The precedent that almost everyone cites (because it is some of the only) is Sony vs Bleem.

https://en.wikipedia.org/wiki/Bleem!#Sony_lawsuit

Initial release was in 1999 and lawsuits were around the same time. PS2 launched in 2000. So while the bleem marketing was a complete mess, the emulator existing while a console was still "alive" does not matter in the slightest.

[–] Alto@kbin.social -3 points 8 months ago (3 children)

The main point of that ruling was that they weren't using proprietary code. Yuzu almost certainly did after the TOTK leak, unless they magically just happened to improve that much directly afterwards.

I don't like it, but there's a pretty big chance that Yuzu loses this one.

[–] breakingcups@lemmy.world 5 points 8 months ago

That's not what using proprietary code means in this case.

Besides, it's possible they "legitimately" bought a copy of the game from a store that accidentally broke the embargo date. You can't legally blame customers for that.

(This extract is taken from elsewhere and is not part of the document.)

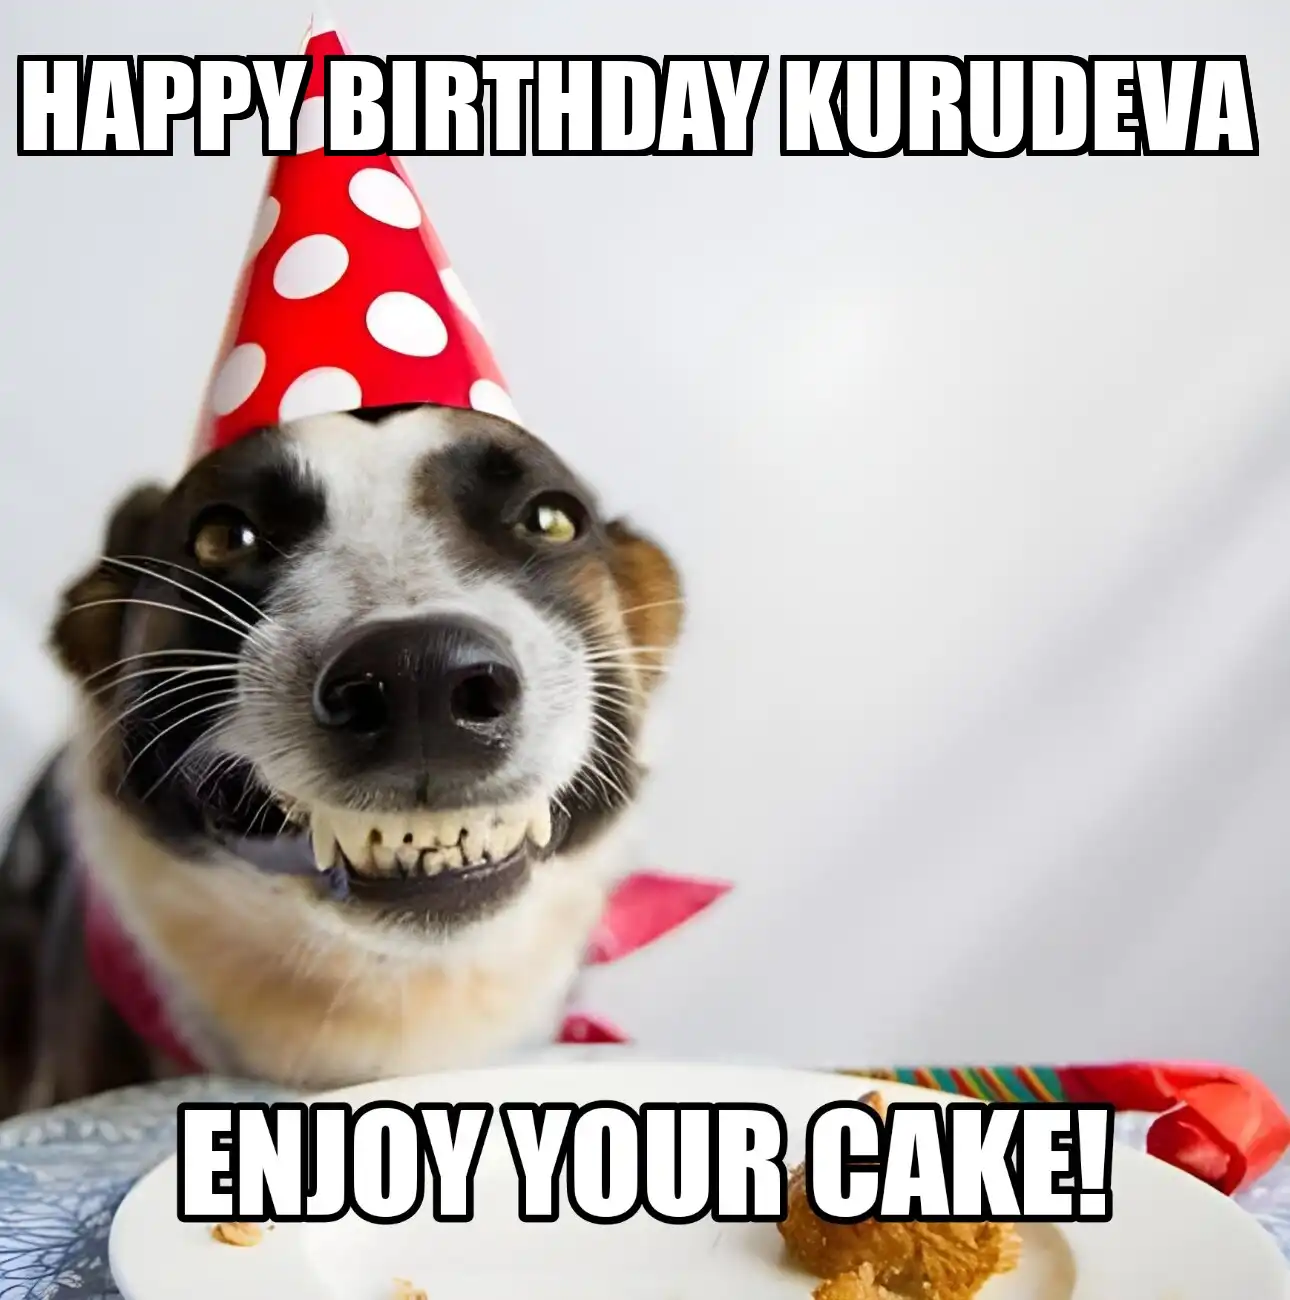 Happy Birthday Kurudeva Enjoy Your Cake Dog Meme

[–] trafficnab@lemmy.ca 2 points 8 months ago

Sega v. Accolade was about using proprietary code, Sega lost and the small snippet of code that was reverse engineered out of the Genesis was deemed fair use because there was no other way to get an unlicensed cartridge to run on the console

[–] NuXCOM_90Percent@lemmy.zip 1 points 8 months ago

Yes. I agree and said as much elsewhere in this thread.

My issue was with your statement of

There’s a fairly big difference between “you’re making an emulator for a console we stopped selling anything for a decade ago” and “you are actively cutting into the sales of everything we are currently doing”

Where, no, there is not a difference there.